Kimi canlar büyüdükçe özlemle yeşertirken düş filizlerini, kimi daha ilk nefeste, emdiği ilk damla sütte hasreti, ülkeye özlemi ve sevdayı çeker içine. Düşleri, sürgün kalır kimilerinin. Bedenleriyle bir göç değildir yalnız bir diyardan bir diyara gidenlerin hikayesi. Hayalleri, düşleri, umutları sürmek ister cellat, alıp toprağından koparırken seni yalnız saçlarından, kollarından tutarak sürüklemez, en ücra kıyıda da olsa bir özgürlük hayalin varsa şayet, pençelerini hayaline kavuşturur da öyle sürükler seni. Bilir ki et ve tırnak gibidir benlik ve düşler. Biri, ancak bir diğerinden koparılınca anlam yitirilir. Bu yüzden benliğini yok etmek için düşlerine saldırır cellat, sevdana, umuduna saldırır; yüreğini sürgün kılar. Ve sürgün yürekli yiğit, uzakları yine düşlerinde büyüttüğü ülkenin güzelliğiyle, sevdasıyla yakın kılar.
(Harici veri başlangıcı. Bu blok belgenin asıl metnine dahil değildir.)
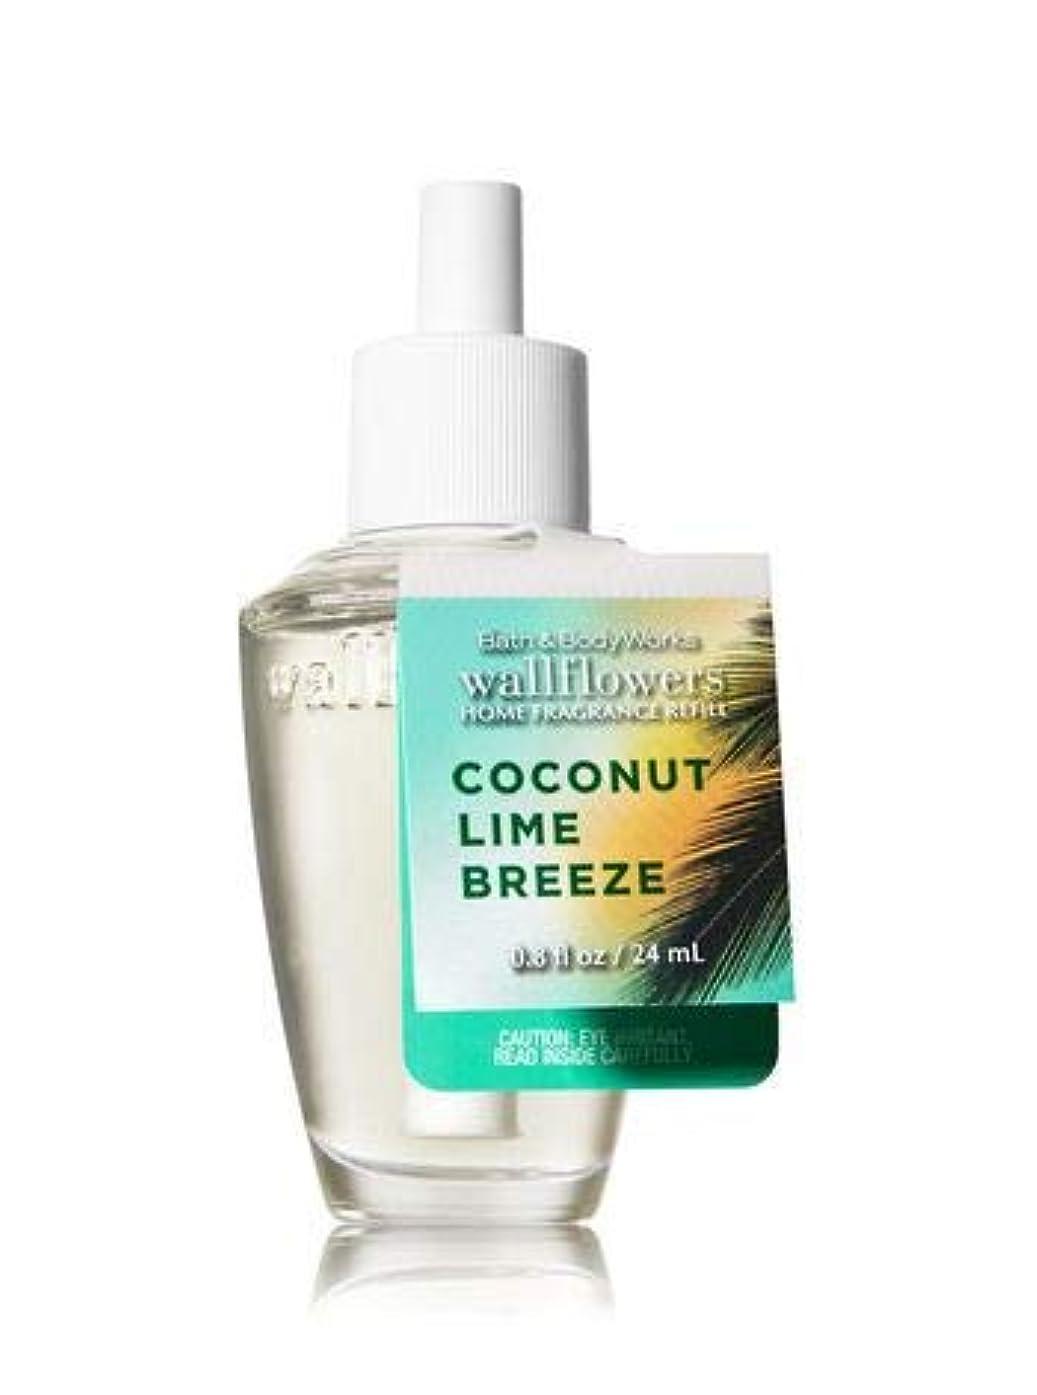 進行中ホーン仲間【Bath&Body Works/バス&ボディワークス】 ルームフレグランス 詰替えリフィル ココナッツライムブリーズ Wallflowers Home Fragrance Refill Coconut Lime Breeze [並行輸入品]

Dağların baharla buluşmasını izlediniz mi hiç? Ya da ağaçların çiçeklerle süslenmesini? Buz gibi nehirlerin doğayı beslemesine şahit oldunuz mu? Dağla ovanın birleşmesine tanık oldunuz mu? Bunların bir parçasıdır dağla buluşan ovalı insanlar. Bu güzelliklerin en büyük şahidi… Bir gerillayı ateşin etrafında sohbete dalmış, çayını yudumlarken izlemenin hazzını ve mutluluğu yaşadınız mı? Alevler dans ederken düşlere dalar gerillalar. Yaşamlarının bir parçasıdır yeniden doğuşun türküsü olan ateş. Umudun yolcusu ve yeni bir yaşamın sevdalısıdır onlar. Yolları zorda olsa, yükleri ağırda olsa asla vazgeçmezler bu yoldan. Öyle ya bu onların gerçeğe yürüyüşüdür. Asidir bu dağlar, hırçındır ama bir o kadar da şefkatli… Yoldaşlığın, bağlılığın ve fedakarlığın adıdır dağ yaşamı. Savaşa inat, düşmana inat direnişi nakşeder dağlılar yaşamın her yerine. Umuda doğru yol alırken dağlılar onları bir gün Güneşle buluşturacağını bilirler zamanın. Gözlerinde yeniyi yaratmanın heyecanı ile yaşarlar. Yürekleri coşkun akan seldir. Bu dağ yaşamıyla bütünleşmiş gerillalardan biriydi Alişer Xelîkan.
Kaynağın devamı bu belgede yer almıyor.